• _Work task_:
From the first line of the listing to the last, set down everything exactly, but skip the images.

• _Data segment_:

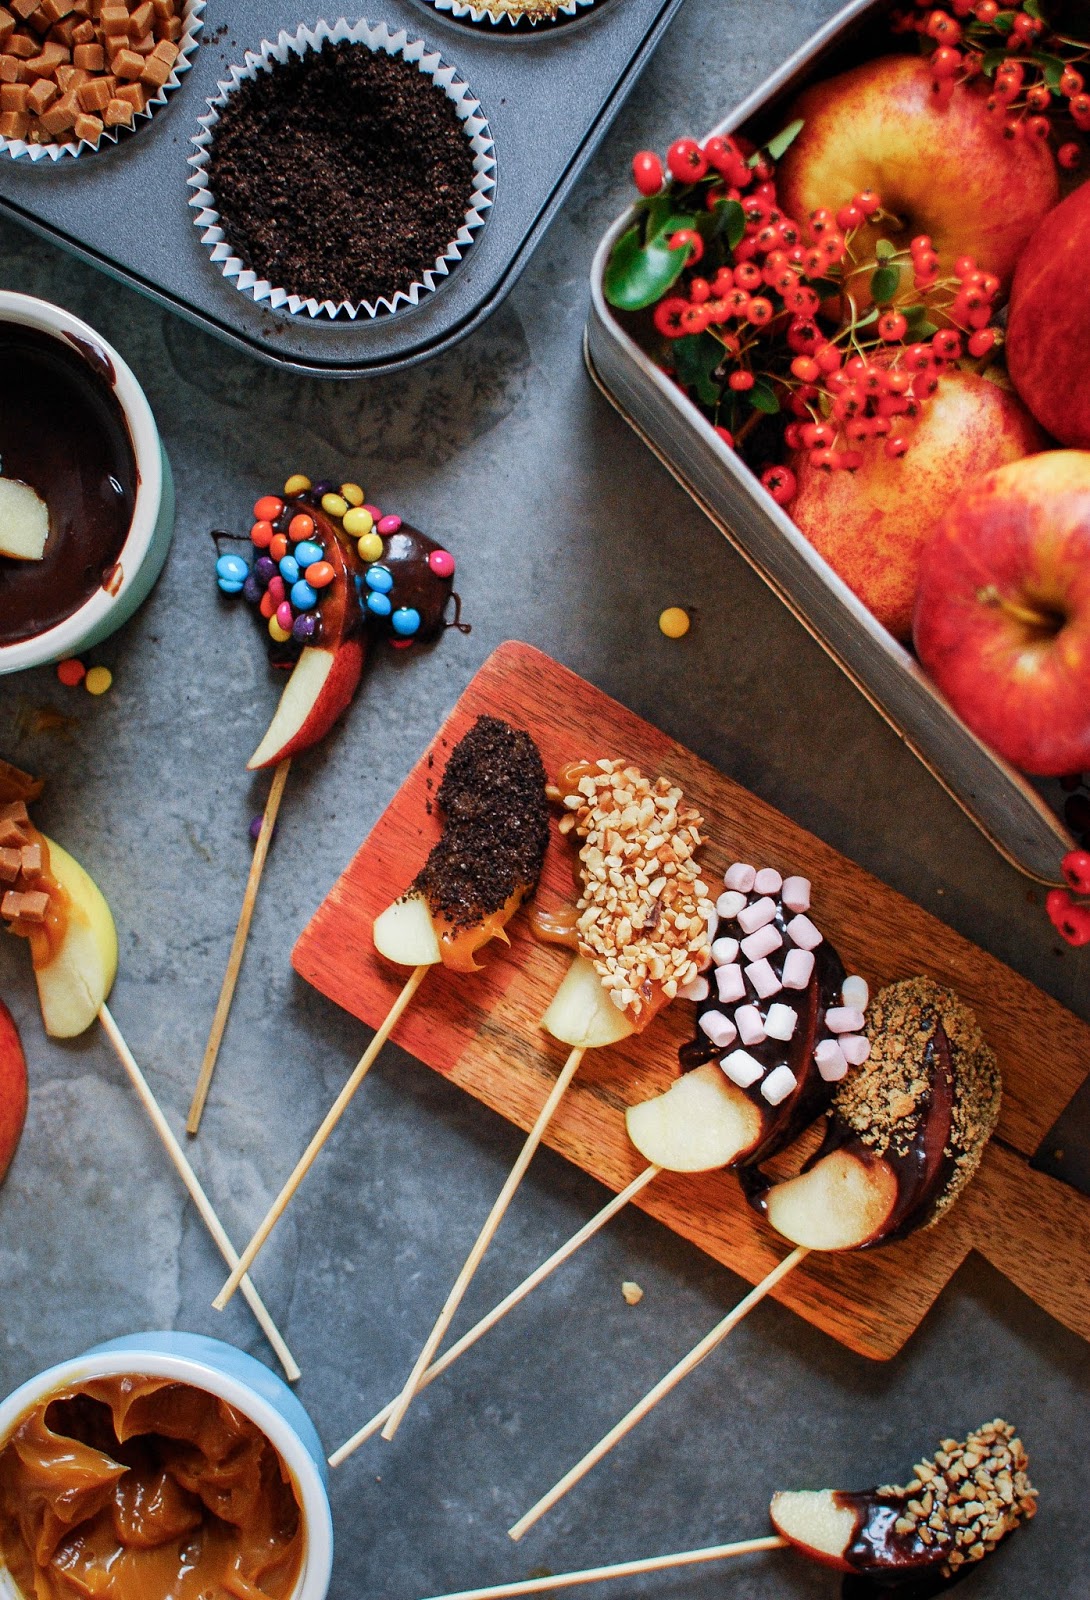 A super cute little candy apple bar. The perfect treat for indoor and outdoor picnics, weather permitting of course.
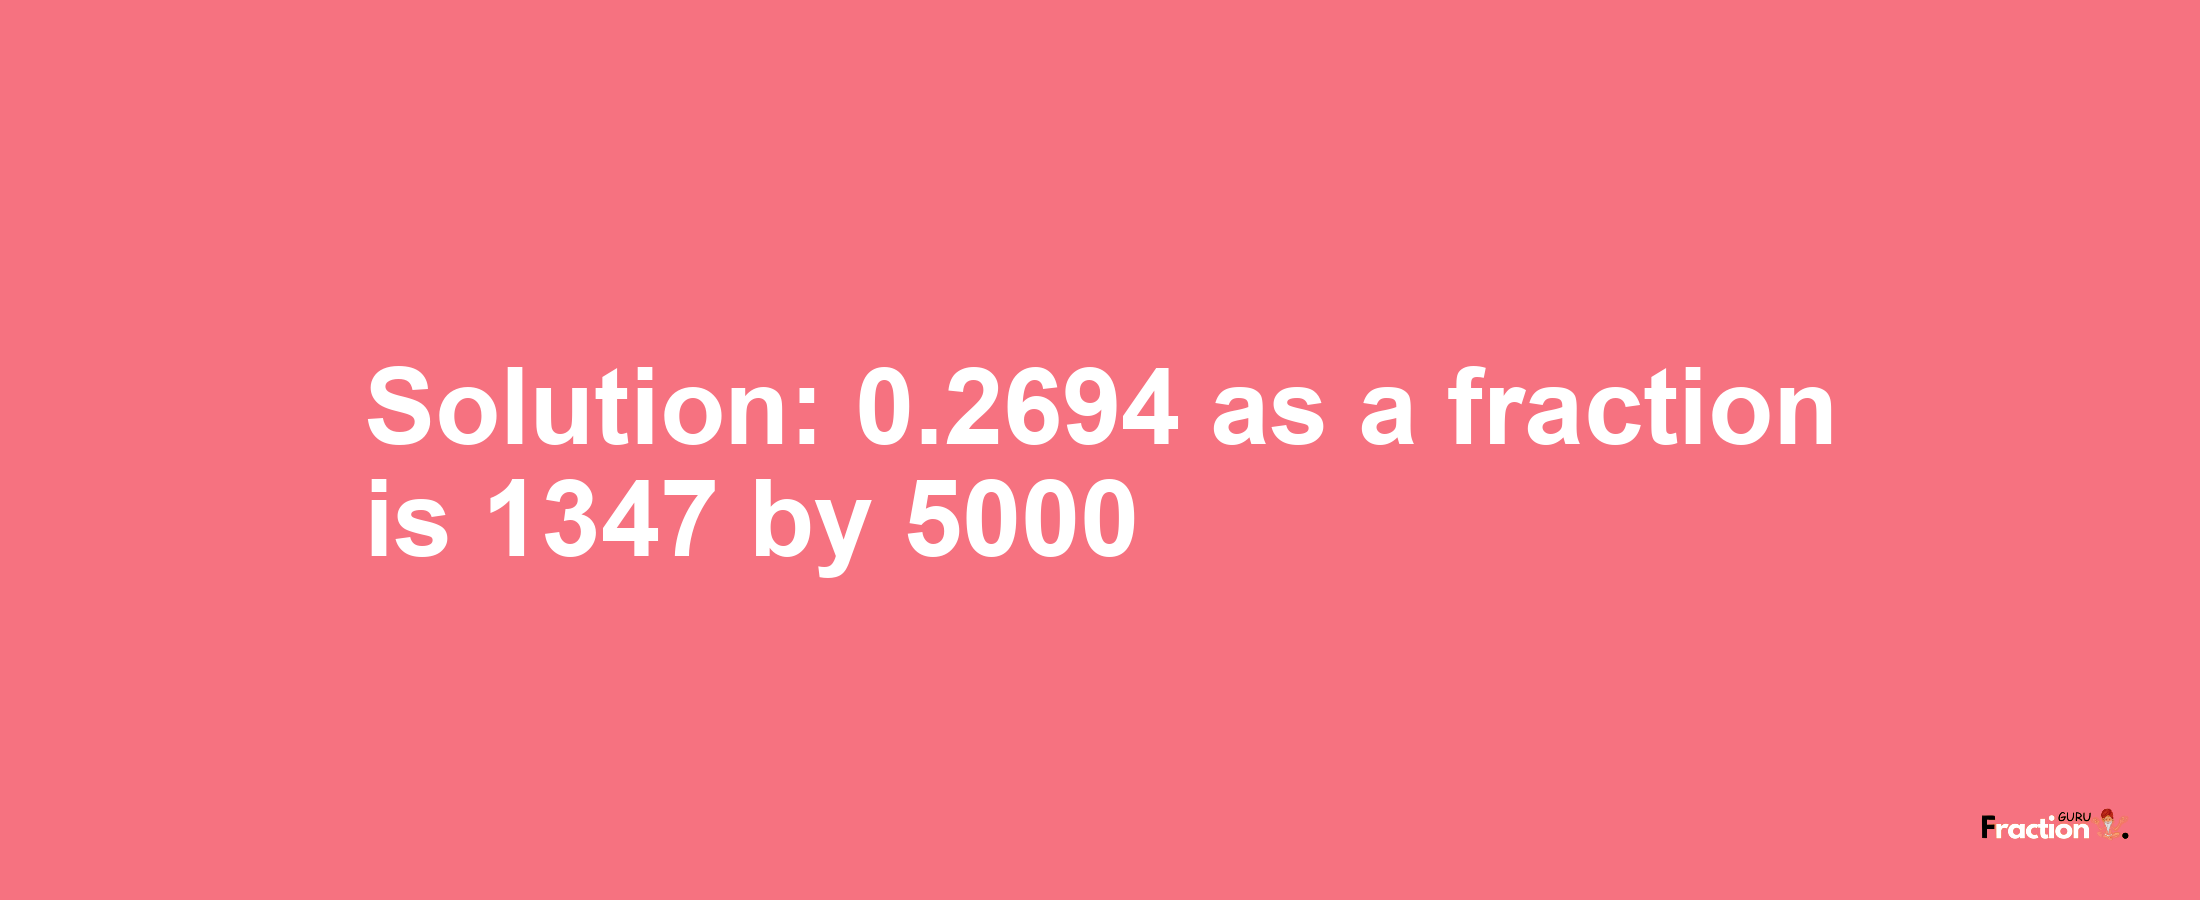 Solution:0.2694 as a fraction is 1347/5000
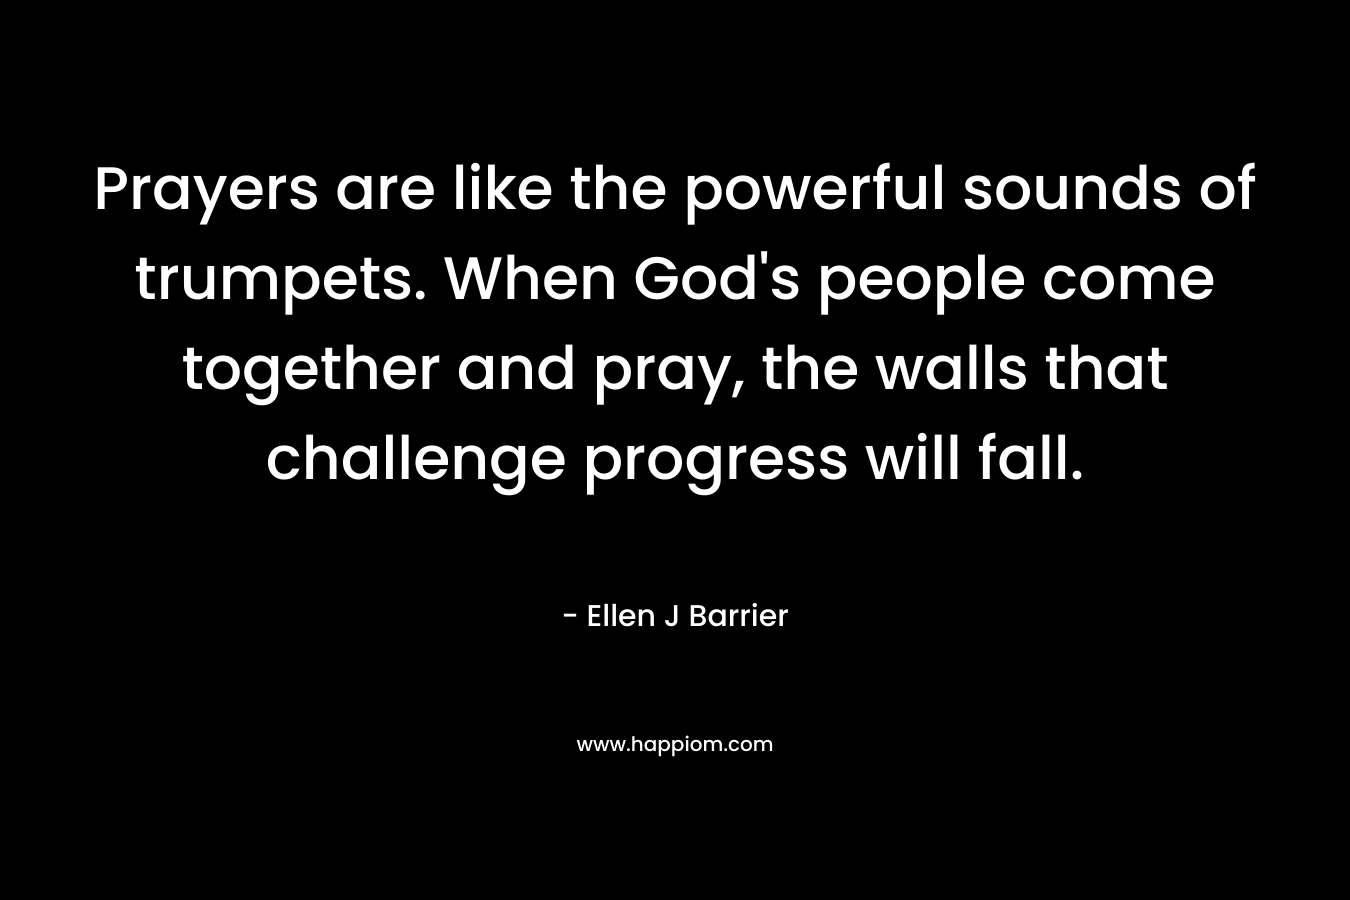 Prayers are like the powerful sounds of trumpets. When God's people come together and pray, the walls that challenge progress will fall.

• _Solution for this exercise_:
 A super cute little candy apple bar. The perfect treat for indoor and outdoor picnics, weather permitting of course.
 Solution:0.2694 as a fraction is 1347/5000
 Prayers are like the powerful sounds of trumpets. When God's people come together and pray, the walls that challenge progress will fall.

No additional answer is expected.